В январской книжке «Нового мира» помещена его поэма «Золушка». Ищу подходящего слова, чтобы сразу охарактеризовать ее, и, право, не нахожу другого эпитета, кроме: очаровательно… Да, конечно, общеобязательная дань политической благонадежности отдана. Да, местами грубовато, кое-где скроено наспех и сшито белыми нитками. Но в целом поэма пленяет неистощимой словесной изобретательностью и какой-то благодатной легкостью вдохновения, в ней разлитой.
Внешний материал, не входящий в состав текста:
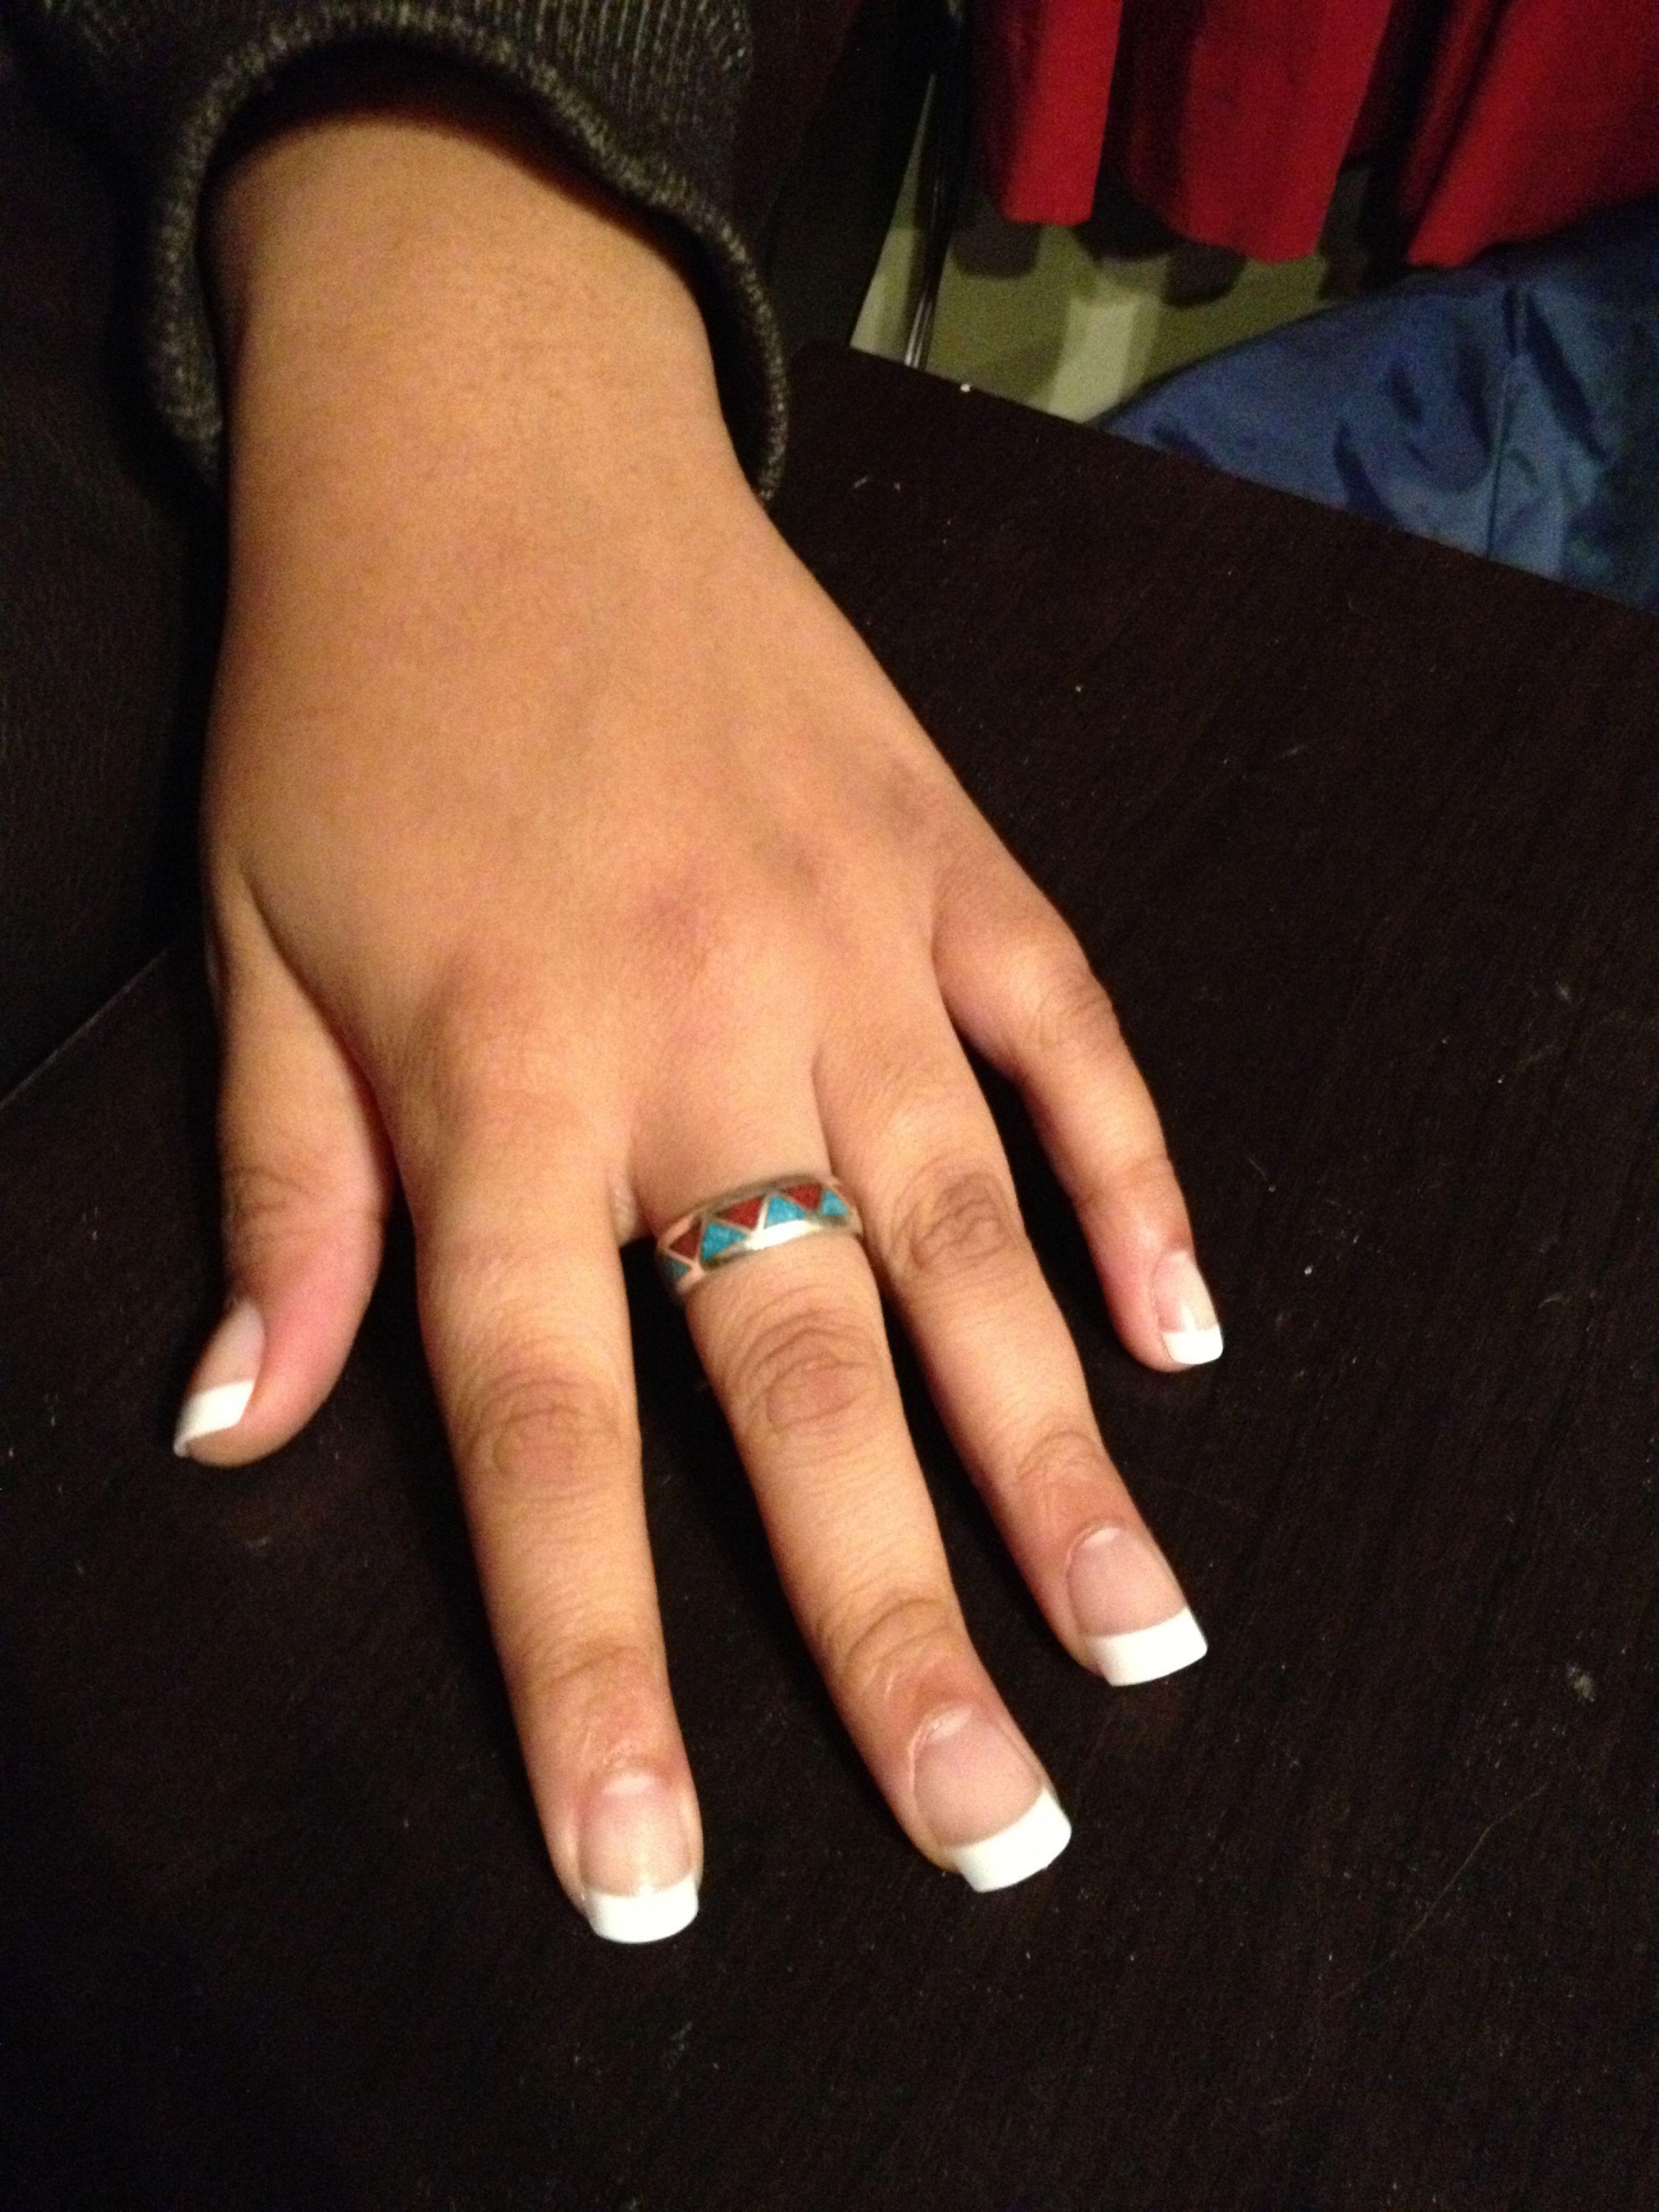 Does Family Dollar supply nail glue for fake nails

История, рассказанная Кирсановым, довольно близка к традиционным сказкам о «Золушке», с той важнейшей «идеологической» разницей, что исполнение всех снов и мечтаний совершается, разумеется, в условиях советских. Но фантастичность сохранена. И что всего удивительнее, — в этой фантастичности нет никакой натяжки, никакой условности или манерности: Кирсанов будто верит в то, о чем повествует.
У Золушки — ни ниточки,
Ни кутка, ни лоскутка,
Из протертого в сито ситчика
Светит яблоко локотка.
Ничего у нее —
Ни червонца в платке
Ничегосподи — нет в ларце,
Ничевоблы у ней в лотке
Ничевоспинки на лице…
Эти «ничевоблы» и «ничевоспинки» могут показаться, так сказать, «отрыжкой футуризма». Будет досадно, если автор и впредь примется повторять прием, который ему, видимо, понравился… Но здесь, в полушутливых строчках, это впервые найденное словесное сплетение и остроумно, и выразительно.
Не видала Золушка ничего:
ни сияющих гор, ни воды ключевой —
ничего!
ничевод ключевых, ничеволков лесных,
ничевоздуха дальних порей,
ничеВологды ничеВолхова,
ничевольтовых дуг фонарей!
Золушку обижает мачеха, обижают сестры. Она вечная замарашка, а те, в поисках прекрасного принца, только и делают, что ездят по балам.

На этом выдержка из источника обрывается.